A recently discovered botnet called Gitpaste-12 has returned with a new assault targeting web applications, IP cameras, and routers.
Where did it begin?
Gitpaste-12 was first discovered by Juniper Threat Labs in October.
- The malware derives its name from GitHub, and Pastebin - which are used for propagation - and 12 different exploits for previously-known vulnerabilities. The flaws are related to Apache Struts, Asus routers, Webadmin plugin for opendreambox, and Tendo routers.
- The botnet also features commands allowing it to run a cryptominer that targets the Monero cryptocurrency.
- Moreover, the worming capabilities of Gitpaste-12 enable the botnet to replicate and spread silently across systems.
What’s the latest update?
- Soon after its discovery, the Juniper researchers detected a new round of attacks from the botnet in the first half of November.
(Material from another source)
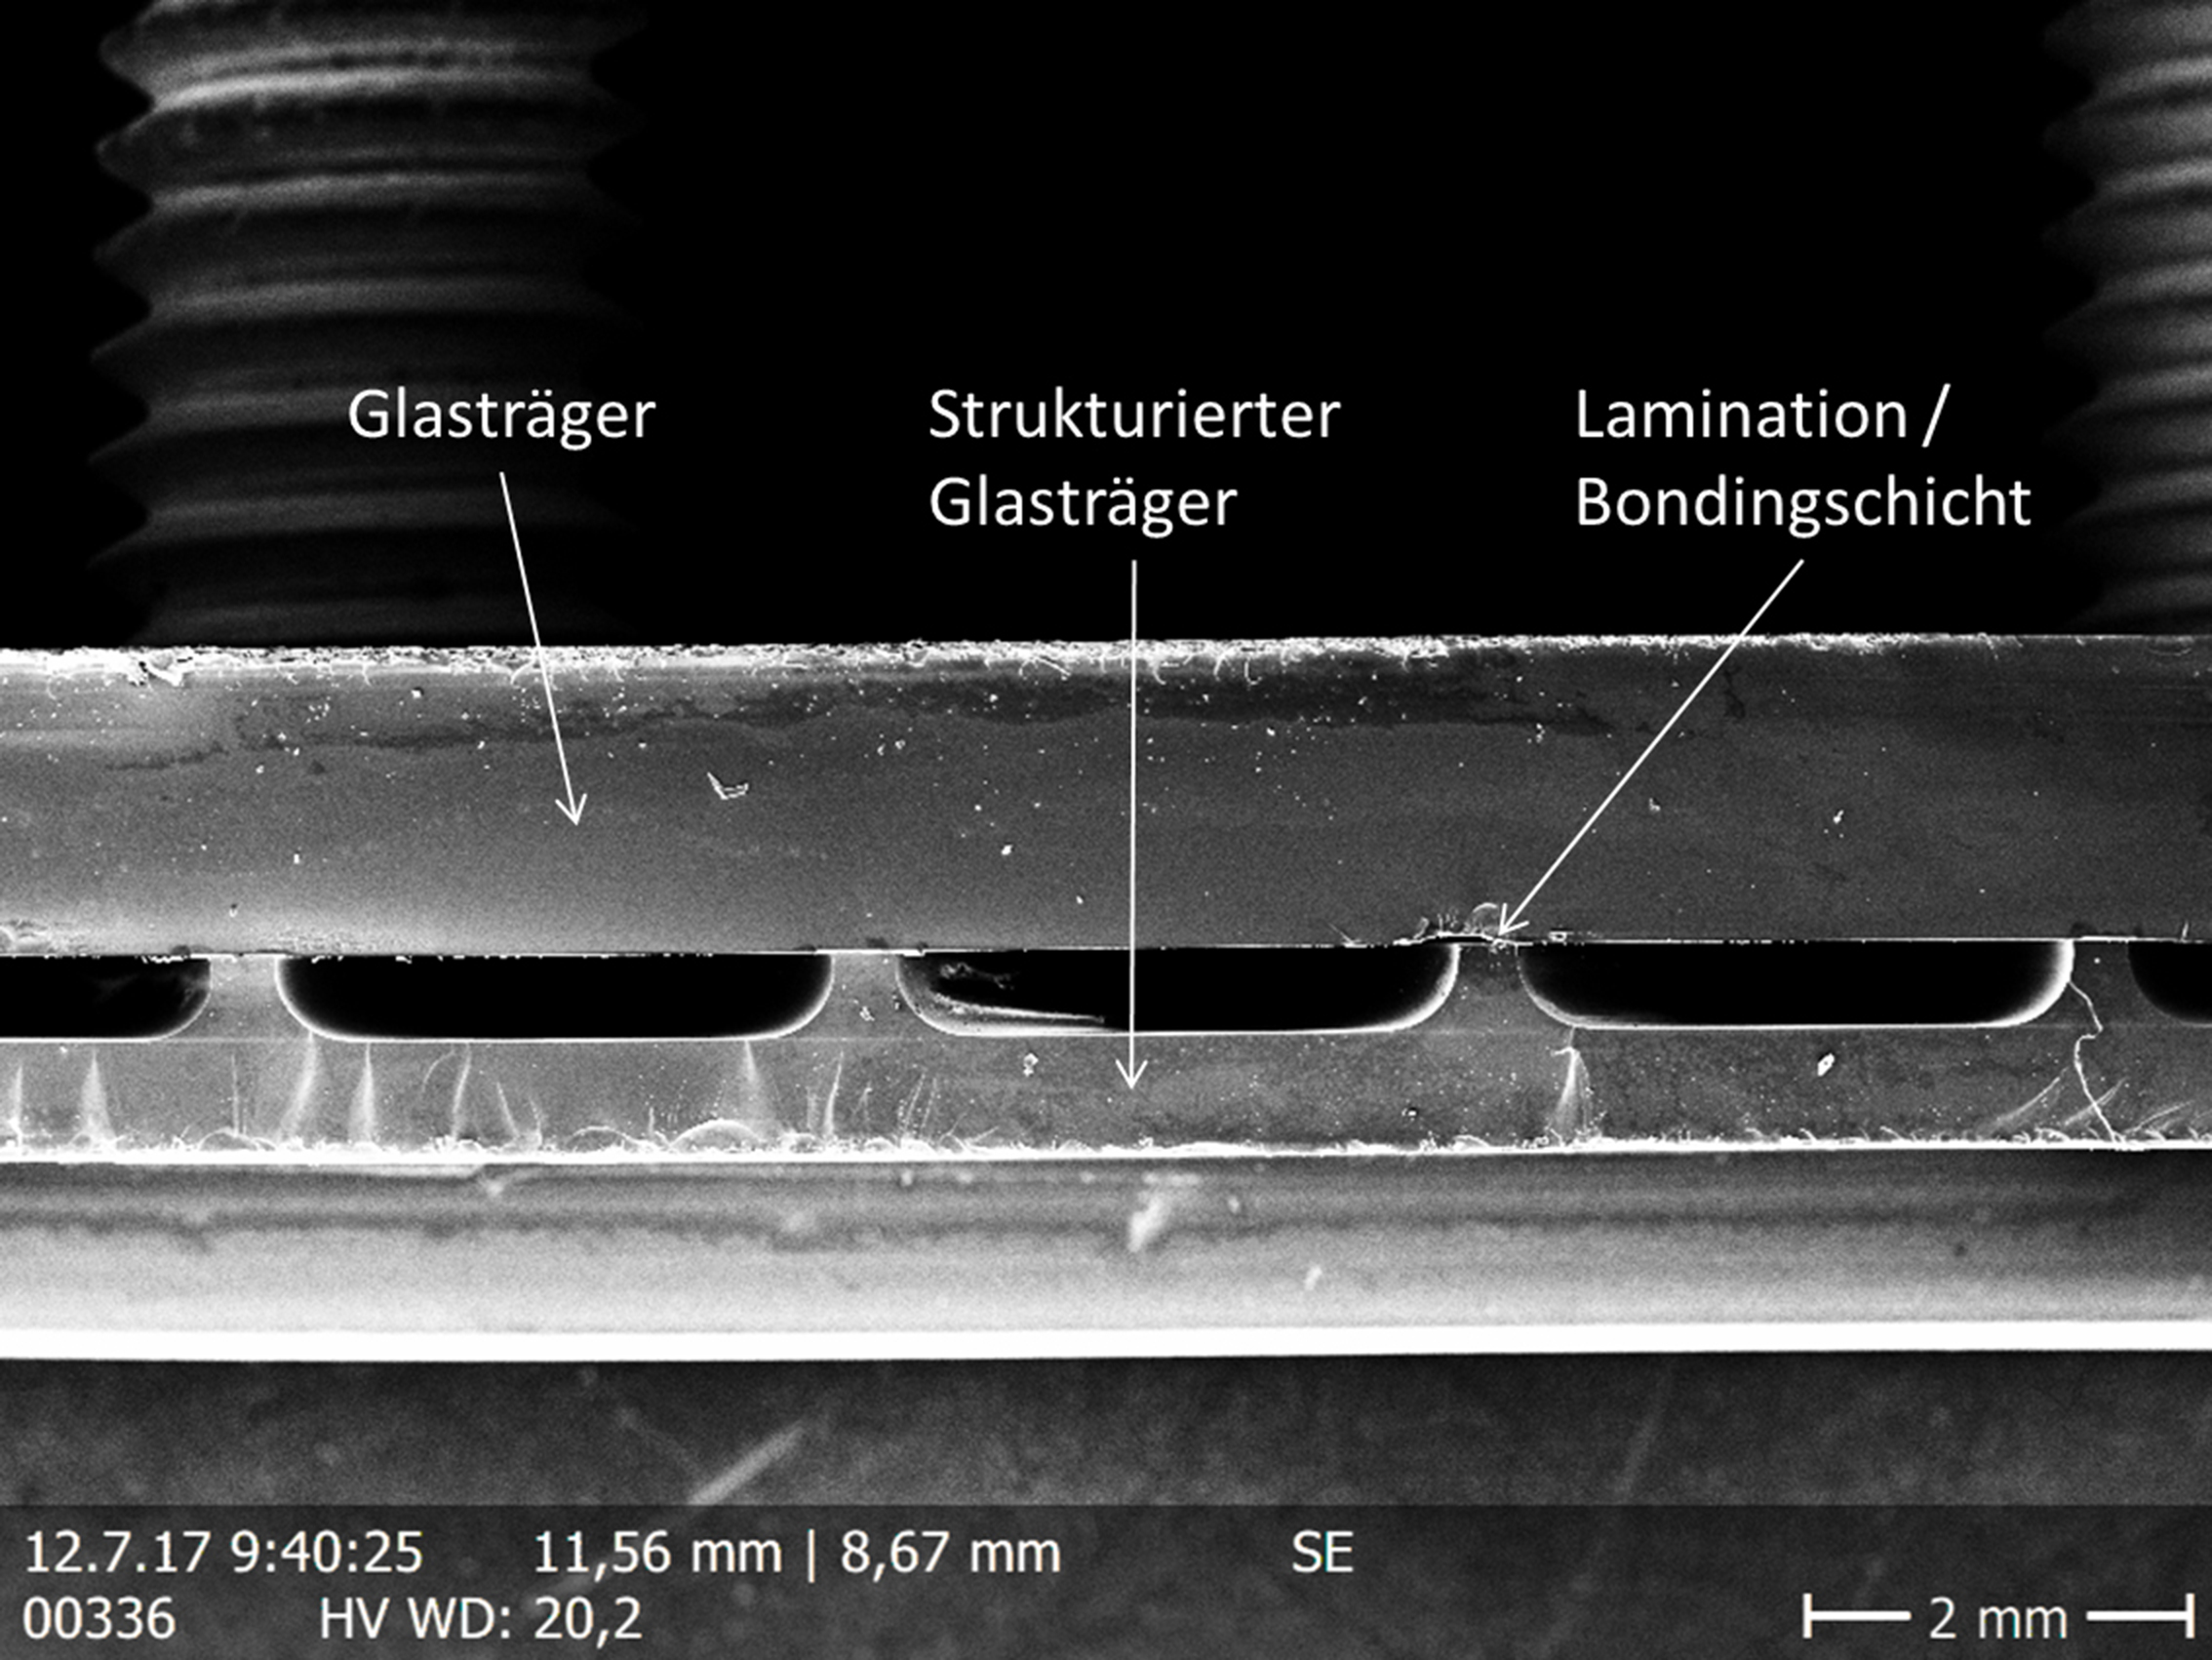 Neuartiges Bonding-Verfahren verschließt strukturierte Glasträger exakt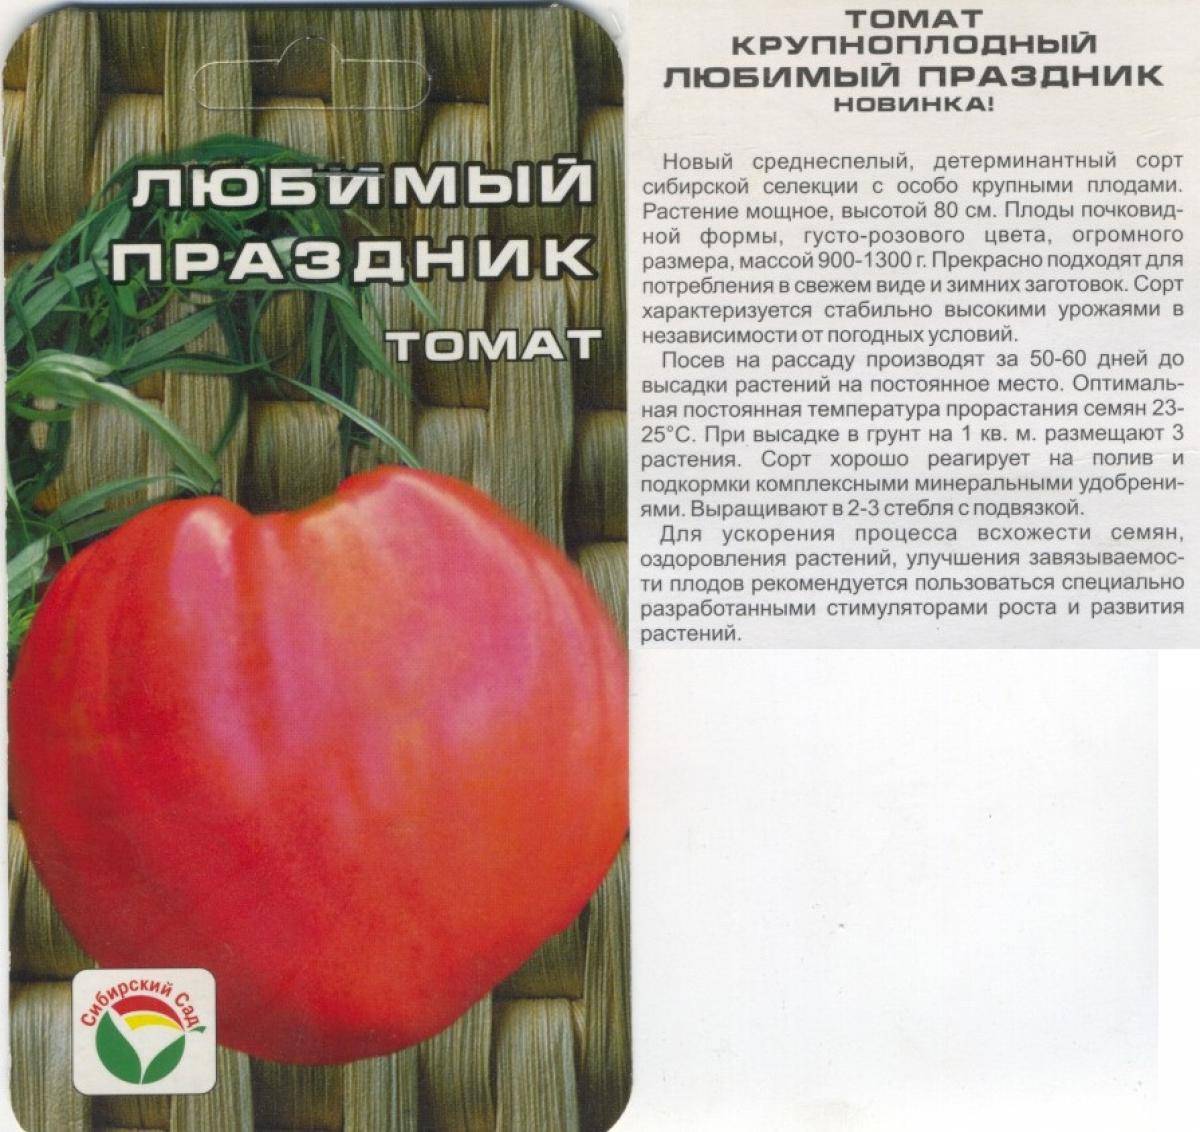 Томат даренка: характеристика и описание сорта, отзывы об урожайности помидоров, фото куста

These attacks were targeted at web applications, IP cameras, routers, and more.
- This was accomplished using a new version of Gitpaste-12 that includes exploits for at least 31 vulnerabilities, out of which 12 are borrowed from the previous version.
- The new sample, called X10-unix, is a UPS-packed binary written in Go language and compiled for x86_64 Linux systems.
- Among its other capabilities, the malware also attempts to compromise open Android Debug Bridge connections and existing malware backdoors.
No malware is good, but botnets blended with worm capabilities are particularly annoying because of their ability to spread in an automated fashion. That can lead to lateral spread within an organization, ultimately affecting other networks across the internet and impacting the reputation of organizations.